Cisco Support Community
Showing results for 
Search instead for 
Did you mean: 

Welcome to Cisco Support Community. We would love to have your feedback.

For an introduction to the new site, click here. And see here for current known issues.

New Member

Adding route on ASA


We have one weird requirement it is as follows

1. Our ASA outside subnet is A.B.C.0 /24

2. Our ASA DMZ subnet is : P.Q.R.0 /24

3. Our ASA inside subnet is X.Y.Z.0 /24

with last digit .1 is the ip address of the interface.

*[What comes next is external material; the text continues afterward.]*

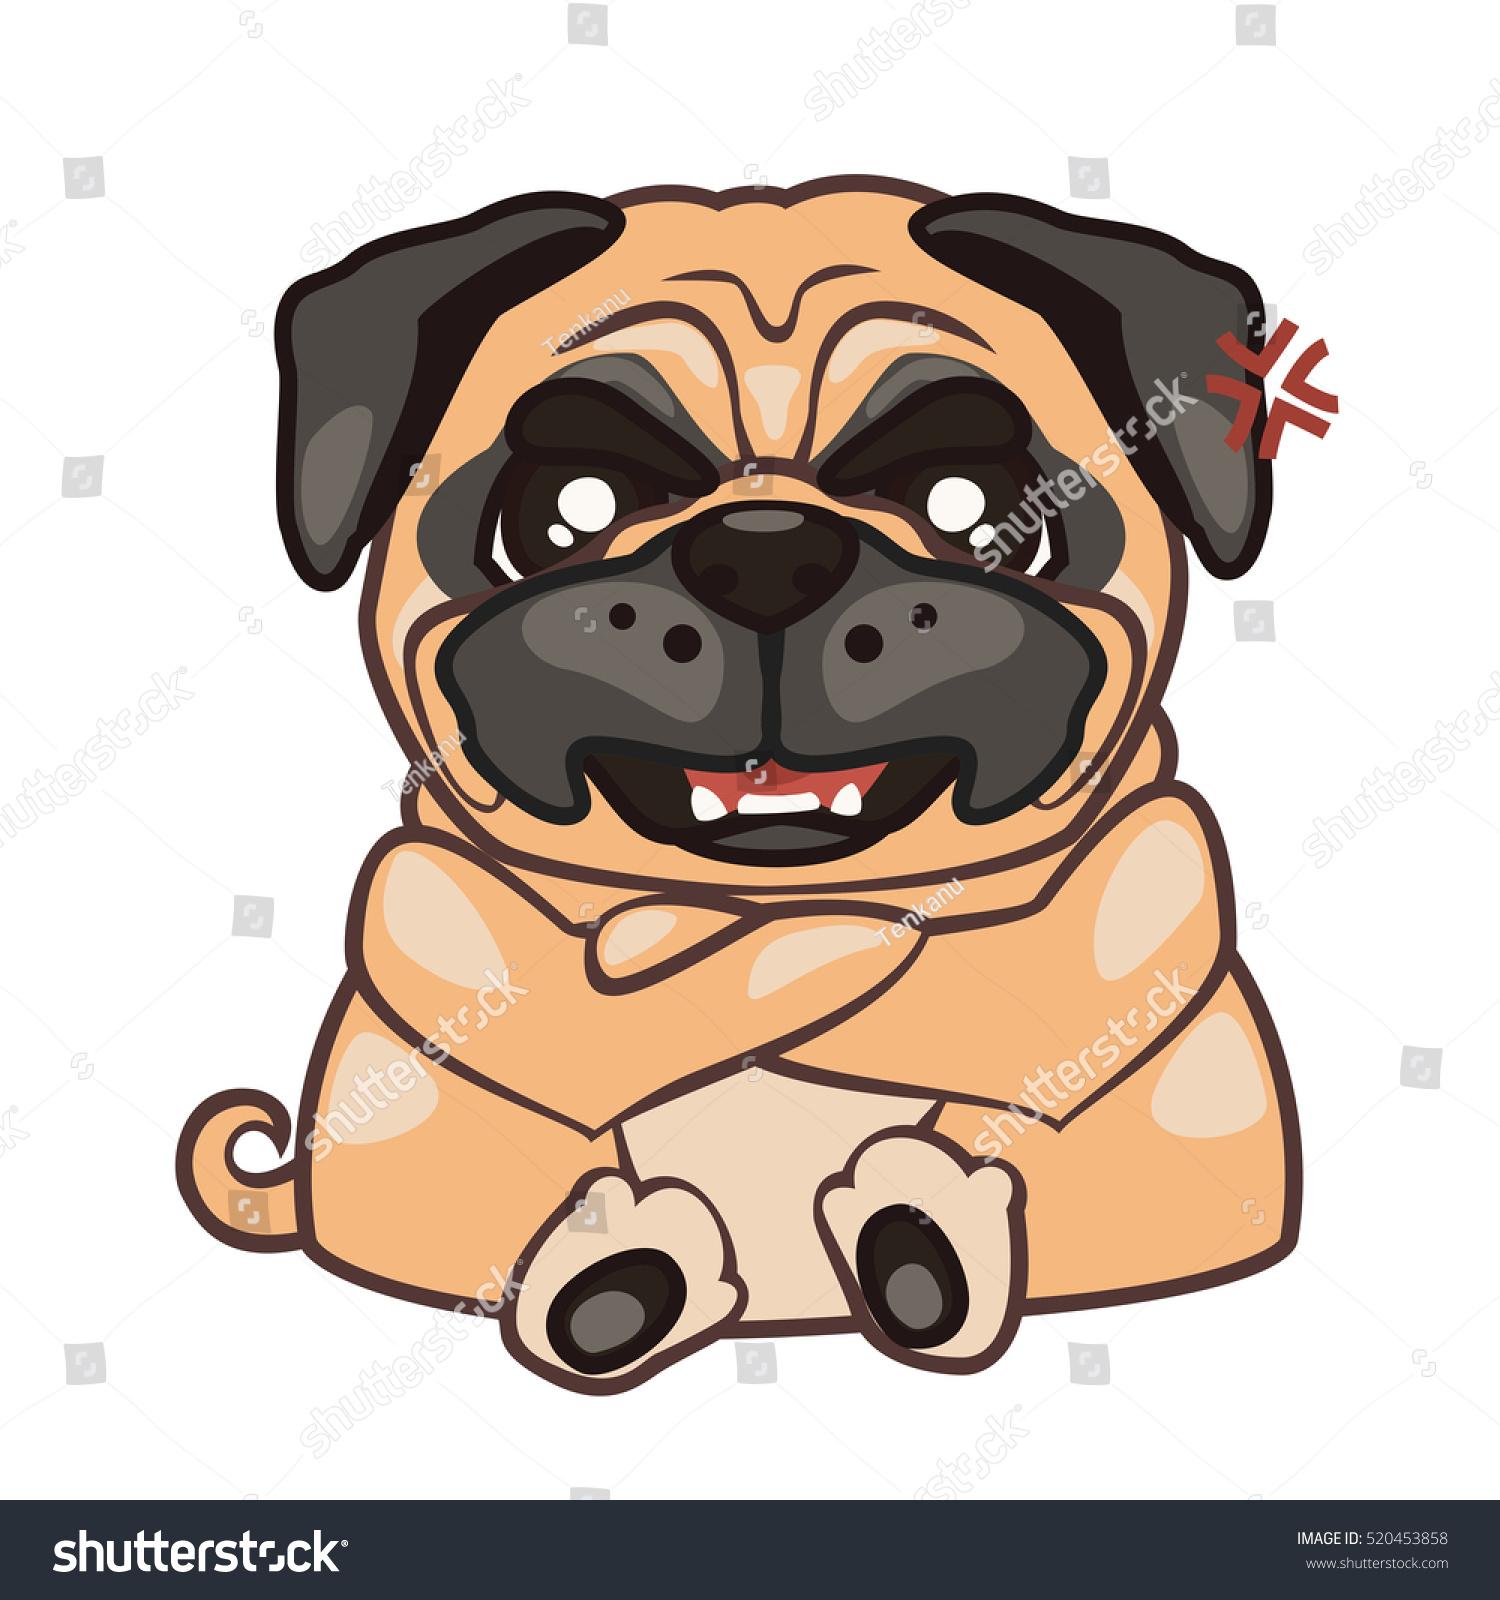 Dog Sitting Angry Sticker Pug Vector Vector de stock520453858 ...

Now we have one host from outside subnet hosted in the DMZ region. This is required for Microsoft OCS server for Audio and Video support ( NAT of the IP address is not allowed for Voice/Video). I need to configure this host with A.B.C.11 / 24 ( this is from the outside subnet ) in the DMZ region. We are struck with this problem as we are not able to give default gateway to this host. We plan to give secondary IP address from the DMZ subnet but not sure if this will work. I have done static (dmz,outside) A.B.C.11 A.B.C.11. And have given access from outside interface for full ip just for testing.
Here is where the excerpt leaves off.